### Work request:
Give the listing again, word for word, and let no picture into it.

### Given data:
= Beginning of Section =

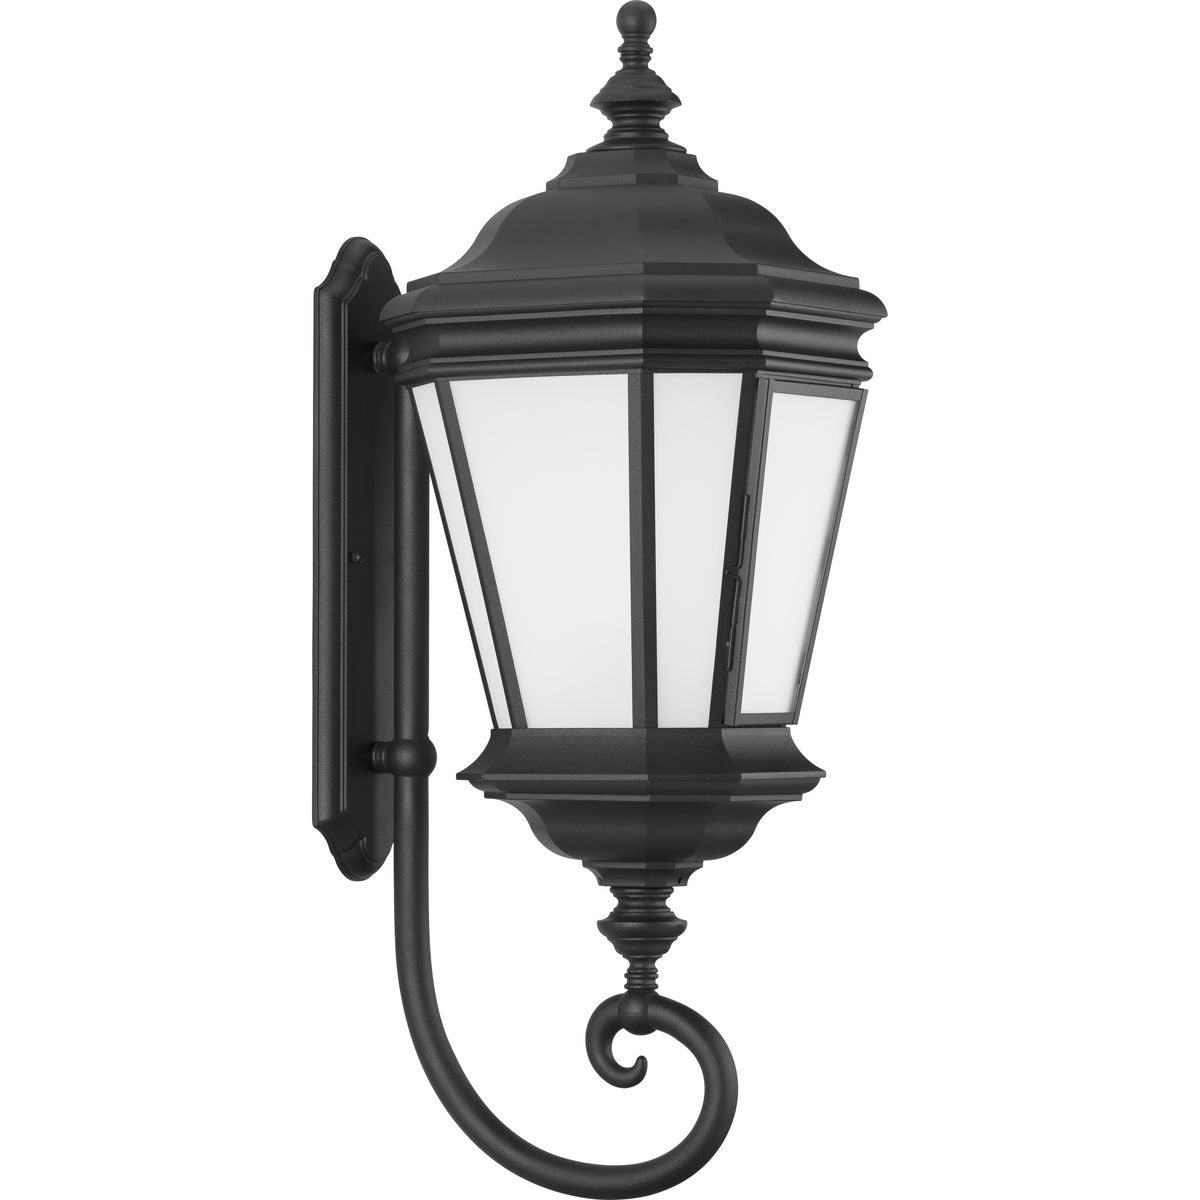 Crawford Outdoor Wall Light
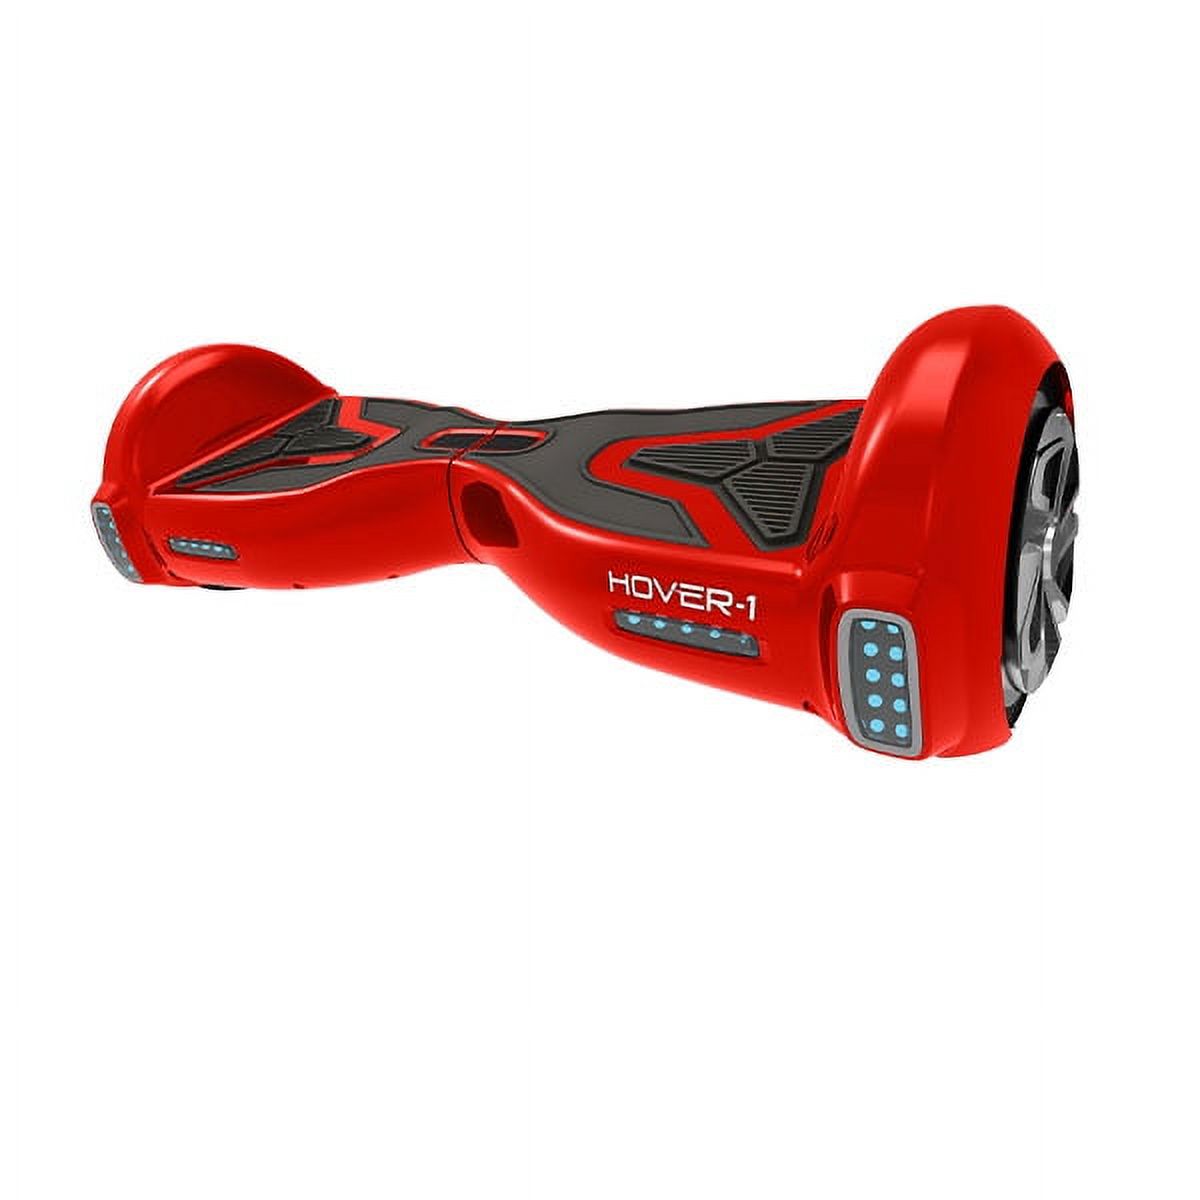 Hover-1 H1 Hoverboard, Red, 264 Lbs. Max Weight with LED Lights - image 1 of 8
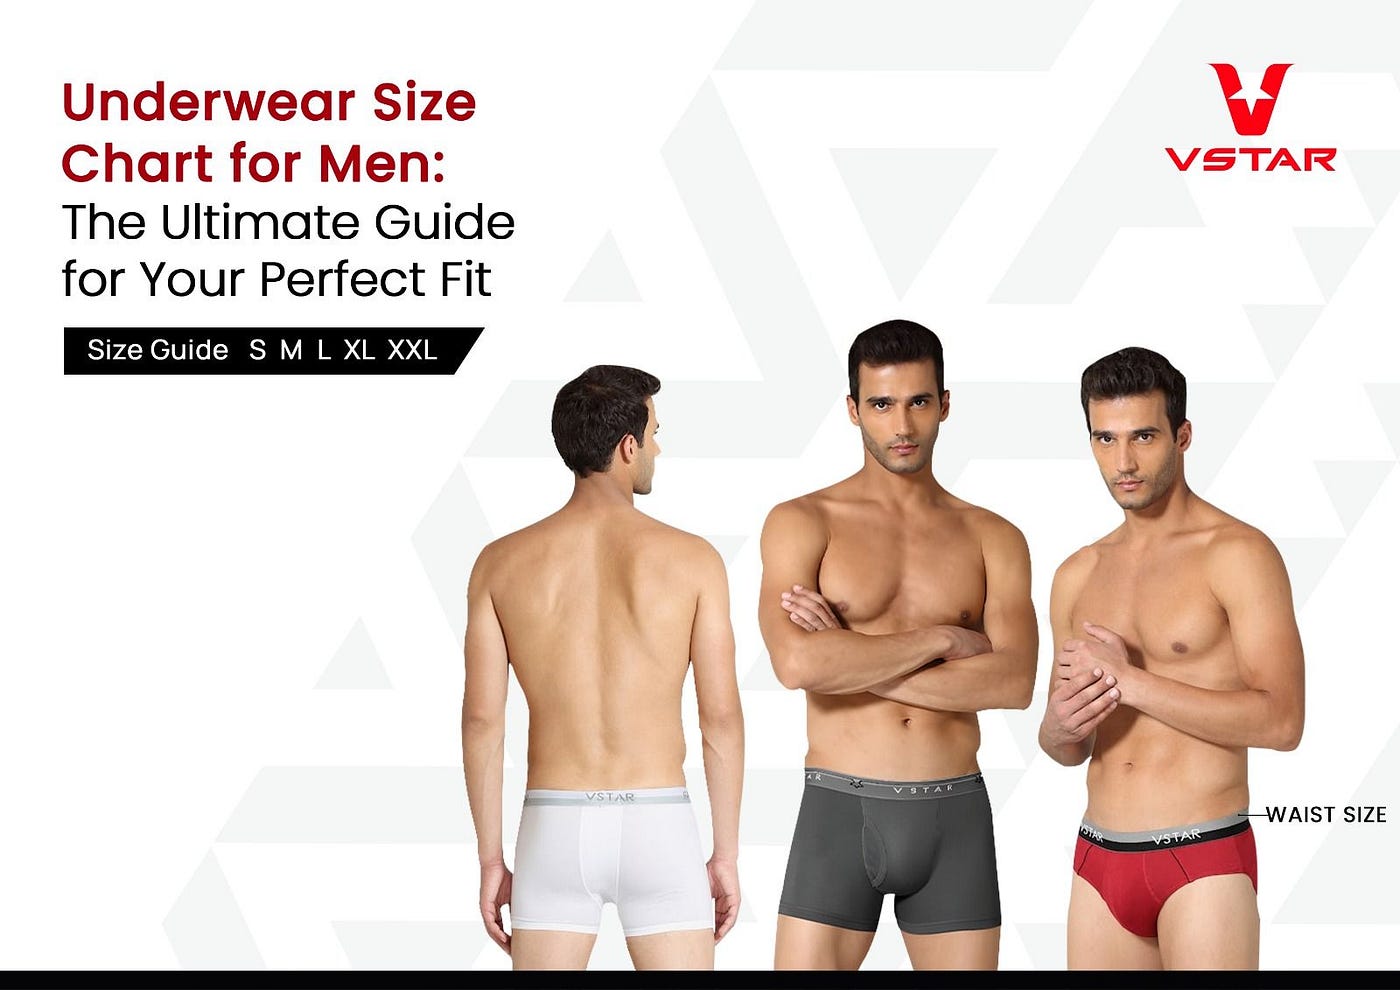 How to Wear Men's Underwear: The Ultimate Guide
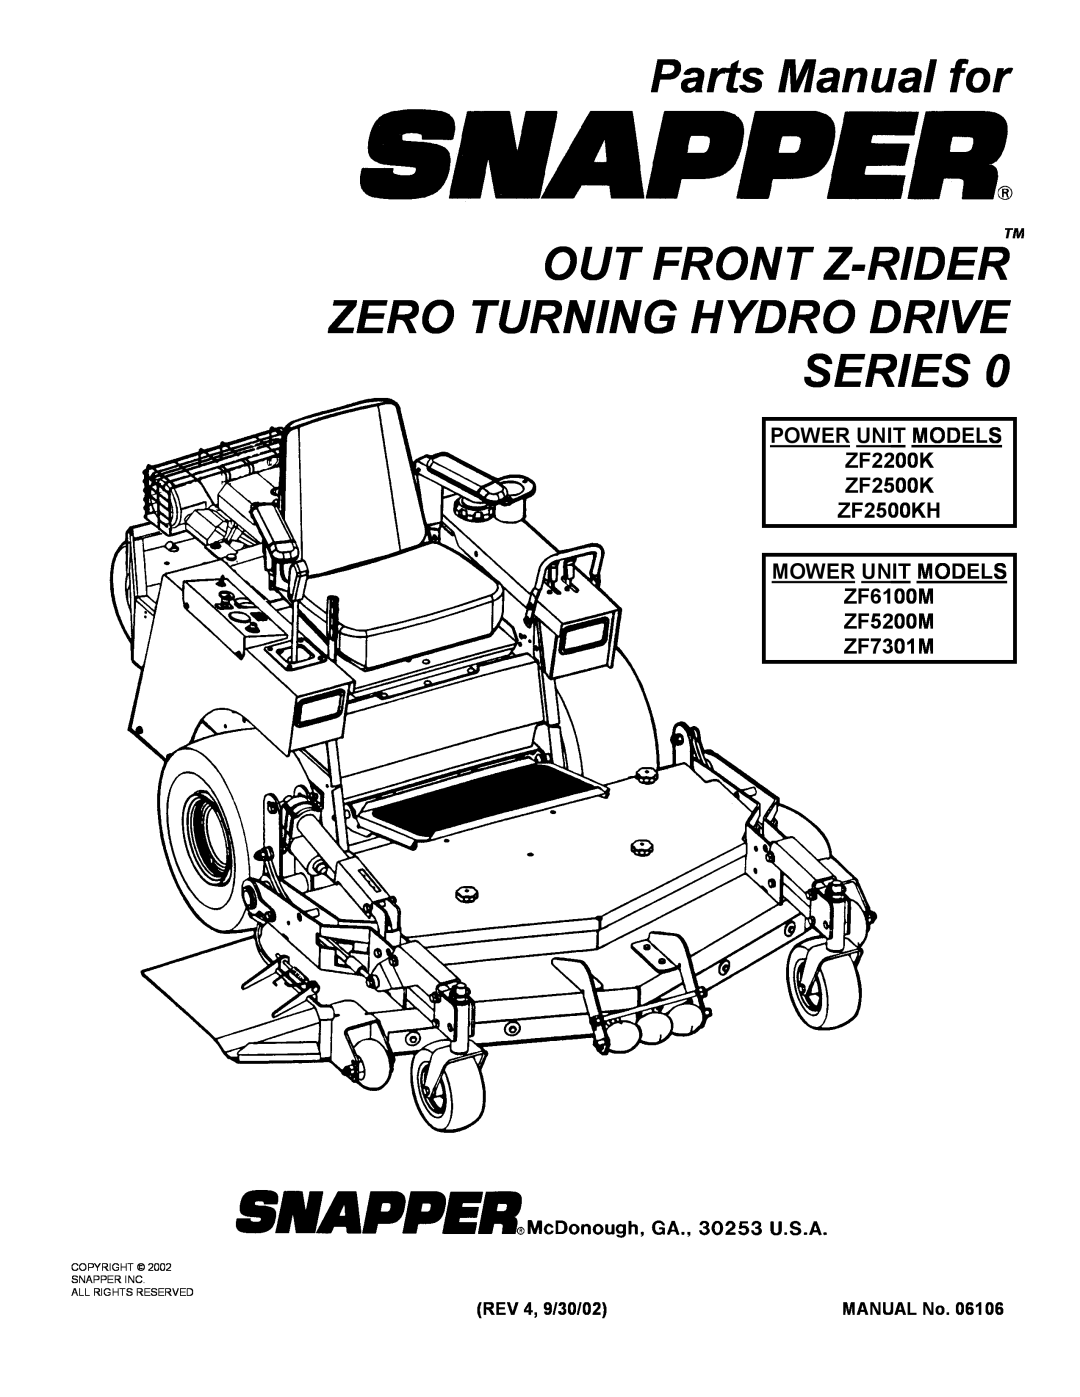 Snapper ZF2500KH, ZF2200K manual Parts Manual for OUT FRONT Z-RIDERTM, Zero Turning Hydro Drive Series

= End of Section =

### Task answer:
 Crawford Outdoor Wall Light
 Hover-1 H1 Hoverboard, Red, 264 Lbs. Max Weight with LED Lights - image 1 of 8
 How to Wear Men's Underwear: The Ultimate Guide
 Snapper ZF2500KH, ZF2200K manual Parts Manual for OUT FRONT Z-RIDERTM, Zero Turning Hydro Drive Series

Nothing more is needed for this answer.